Unity Biotechnology, a Bay Area-based company, has developed a potent Bcl-xL inhibitor (UBX1325) currently in clinical trials to eliminate senescent cells in diabetic macular edema, age-related macular degeneration, and diabetic retinopathy (Unity Biotechnology [UBX1325]). Senescent cells have ceased to divide and have entered a state of permanent growth arrest, also known as senescence. These cells don’t die when they should and release inflammatory cytokines, contributing to aging-related diseases. As the immune system becomes less efficient with age, senescent cells accumulate and damage neighboring, healthy cells (NIA [Does cellular senescence hold secrets for healthier aging?]). Their Phase 2 results show that targeting senescence may reduce the impact of aging:

• A single injection of UBX1325 led to a statistically significant and clinically relevant improvement in Best Corrected Visual Acuity of 7.6 ETDRS letters at 24 weeks compared to placebo treatment.

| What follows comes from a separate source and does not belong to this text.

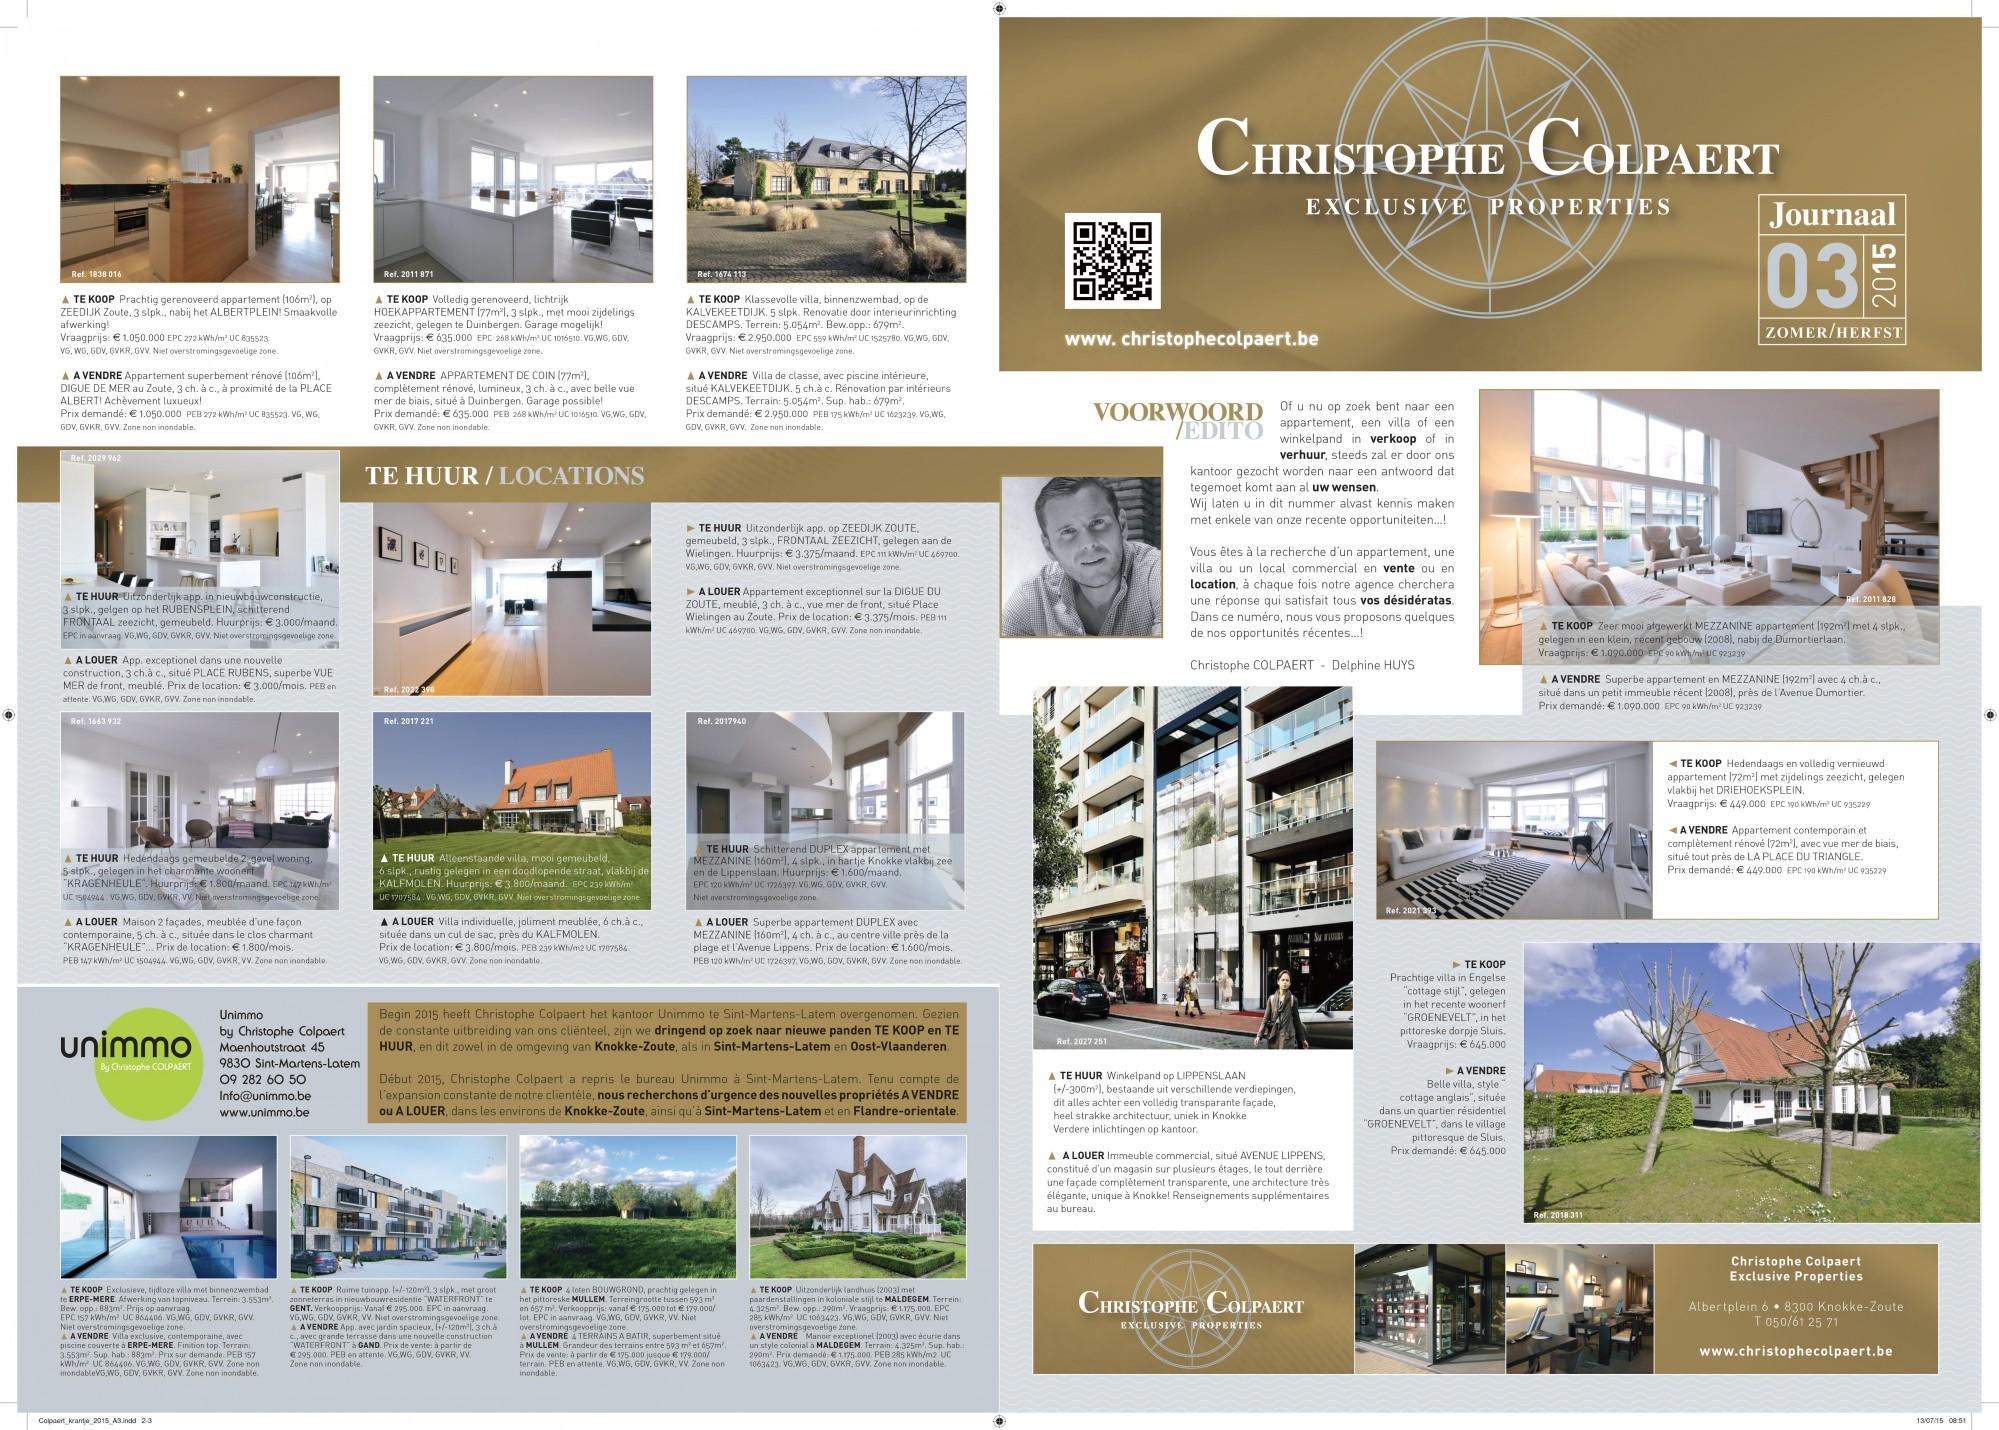 Christophe COLPAERT Exclusive Properties - Journal ETE 2015

• UBX1325 maintained stabilization of the retinal structure, as measured by central subfield thickness at 24 weeks, as compared to worsening from baseline in placebo-treated patients.

• The proportion of rescue-free patients in the UBX1325-treated arm was 59.4% at 6 months after a single injection, compared to only 37.5% in the placebo-treated arm (Unity Biotechnology [Unity Biotechnology Announces Positive 24-week Data From Phase 2 Behold Study of Ubx1325 in Patients With Diabetic Macular Edema]).

Drug Discovery Lab at UCLA

Here at UCLA, Dr. Varghese John’s Drug Discovery Lab is working to develop new small molecule compounds as therapeutics for Alzheimer’s Disease (AD). AD is a progressive neurodegenerative disorder that affects memory, thinking, and behavior. It is the leading cause of dementia; its most significant risk factor is age (Alzheimer’s Association [What is Alzheimer’s Disease?]). Currently approved AD therapeutics (tacrine, donepezil, rivastigmine, galantamine, and memantine) only provide unsustained symptomatic relief and do not stop disease progression. Dr. John’s lab aims to change this by identifying new therapeutic targets and developing small-molecule drugs that can modulate novel targets. These include:

• BACE Inhibitors: Amyloid precursor protein (APP) is cleaved by the enzyme BACE, which produces Aβ, a protein that aggregates and damages neurons.

• sAPPα Enhancers: APP can be processed by an enzyme called ADAM10, which leads to the production of a neurotrophic protein called sAPPα. sAPPα reduces the production of Aβ and is needed for the normal functioning of the synapses between neurons.

• APP-C31 Inhibitors: In addition to BACE and ADAM10 cleavage, APP may be cleaved by an enzyme called a caspase to form a toxic molecule called APP-C31. APP-C31 formation is increased during early AD and is associated with inflammation.

• SirT1 Enhancers: SirT1 is a longevity determinant found in the brain and body that promotes healthy aging. It is found to be lower in the blood serum of AD patients.

Dr. John’s lab has created a new chemical entity called DDL110, a small molecule that increases the sAPPα to Aβ ratio by interacting with two brain cell receptor pathways (crosses the blood-brain barrier). It was shown to have improved AD-like deficits to a greater degree than currently approved drugs in a mouse model and is now in clinical trials (John [Research]).

Bryan Johnson - Blueprint

Bryan Johnson, a 45-year-old Silicon Valley millionaire, has enlisted a team of over 30 doctors to monitor each of his organs and over 100 biomarkers to reverse his epigenetic age to 18 years old at the cost of $2 million per year. His routine is available to follow on his website (https://blueprint.bryanjohnson.co/) and consists of reasonable protocols such as a skincare, workout, bedtime, and oral care routine, but also includes eating the same three optimized, vegan meals each day, 50 daily supplements, monthly blood tests, and more.

In 2021, he reduced his epigenetic age from 47 to 42, slowed his pace of aging by 28%, and achieved 50+ perfect biomarkers and 100+ biomarkers, indicating he is less than his chronological age and has the physical fitness of an 18-year-old (Johnson [Blueprint]).

While his methods may strike as biotech-infused snake oil and may sound extreme, Johnson is breaking ground in the field of longevity and is proving the effects that lifestyle can have on aging, or rather, on reversing aging.